Gordon explains that the combination of these three forces creates an untenable situation in which more people are unemployed while companies can’t fill their jobs because prospective employees don’t have the skills they need.
After introducing the problem, Gordon methodically presents a well-designed solution.
First, he pinpoints the locations on the planet where talented labor is most in demand. While detailing the global reality of a broken education-to-employment system, he emphasizes that even countries such as India and China, which have benefited from outsourcing in the past, are beginning to see talent shortfalls in their own labor pools. He also describes how higher wages and improved economies are helping these countries bring back the brainpower that was once drained by promises of prosperity elsewhere.

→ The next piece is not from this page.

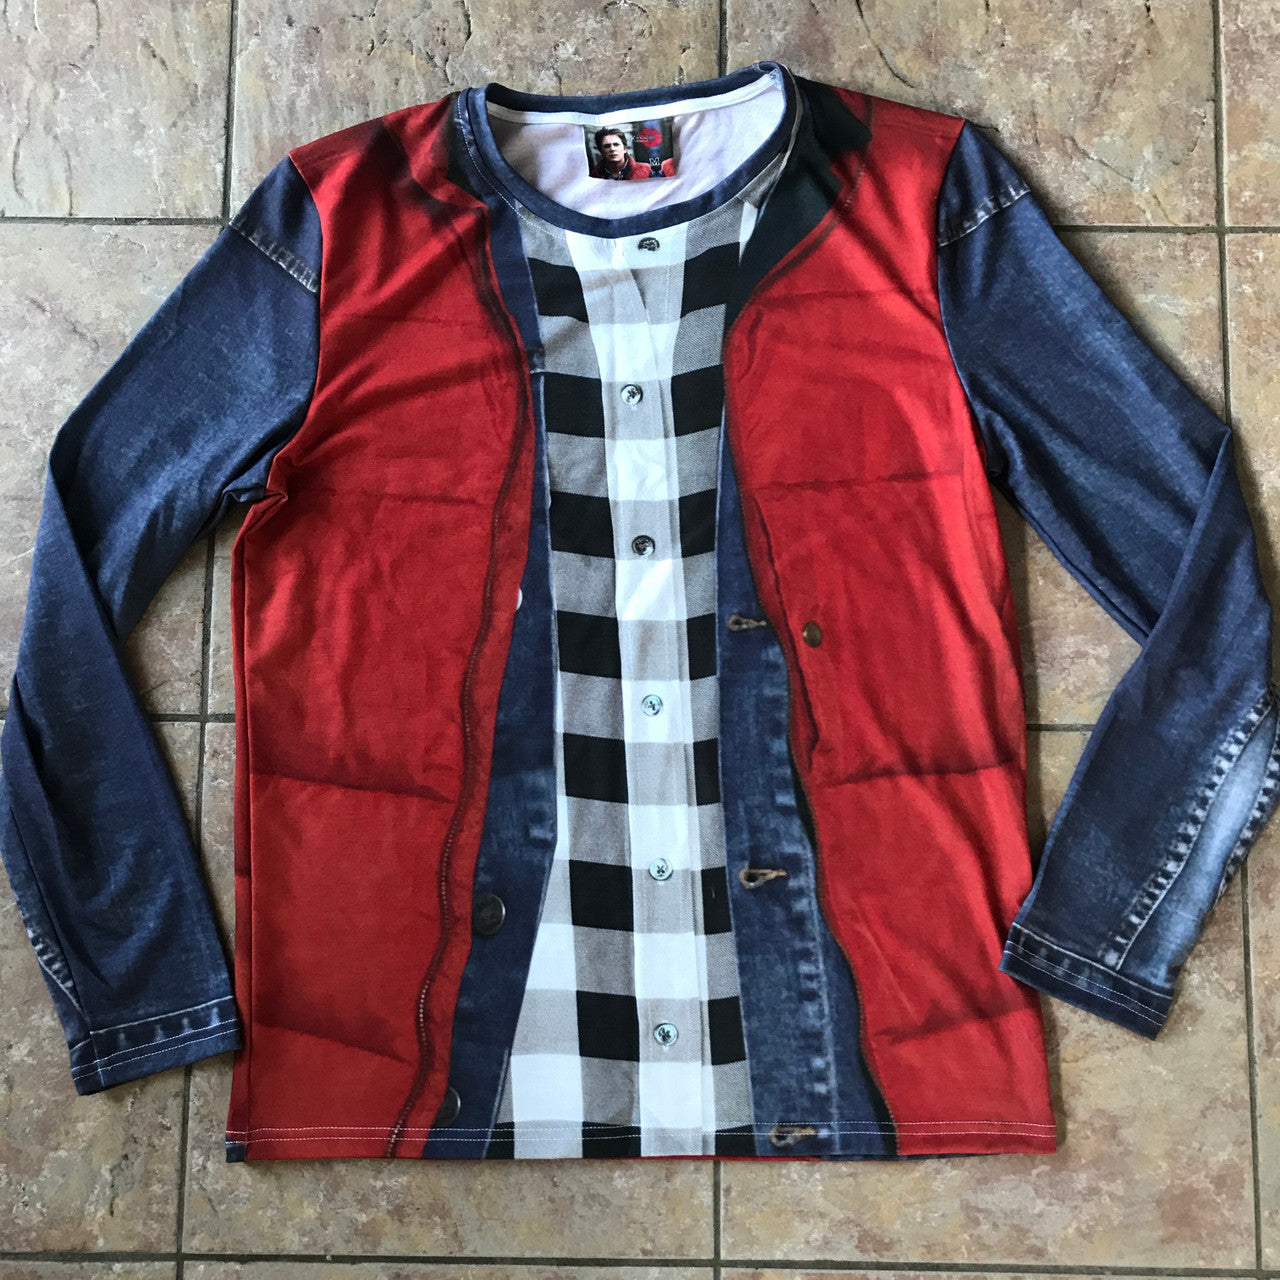 Marty KiSS Cut & Sew Top - McFly Delorean - Back to the Future - Michael J Fox - Costume

Tracking labor problems across 25 countries and demonstrating the work force demographics, globalization challenges and education-to-employment system beneath the surface of each, Gordon focuses on the largest issues that each region faces and points out the major factors that should be addressed.
In the second half of Winning the Global Talent Showdown: How Businesses & Communities Can Partner to Rebuild the Jobs Pipeline, Gordon examines how countries and organizations can grow the talents and skills of their people, as well as why they should make changes in their approaches.
Fascinating research and insights pour from Winning the Global Talent Showdown. For example, while describing the benefits of hiring and retaining older workers, Gordon cites a 2005 Towers Perrin report that shows how doubling the retention of employees over the age of 50 boosts costs only 1 to 3 percent, but replacing them with younger employees “results in high one-time turn-over costs, up to 39 percent of their total compensation.”
To show businesses how to fix the education-to-employment system, Gordon offers a five-point approach. This plan includes using continuous education, building training and development programs to create talent, offering a blend of classroom and technology-based learning, collaborating with community partners, measuring the return on investment of internal and external learning programs, and investing money in human capital and physical capital to reach a business’ goals.
Through case studies from around the world, Winning the Global Talent Showdown describes how innovative partnerships can improve how businesses recruit and develop better people while increasing employee performance.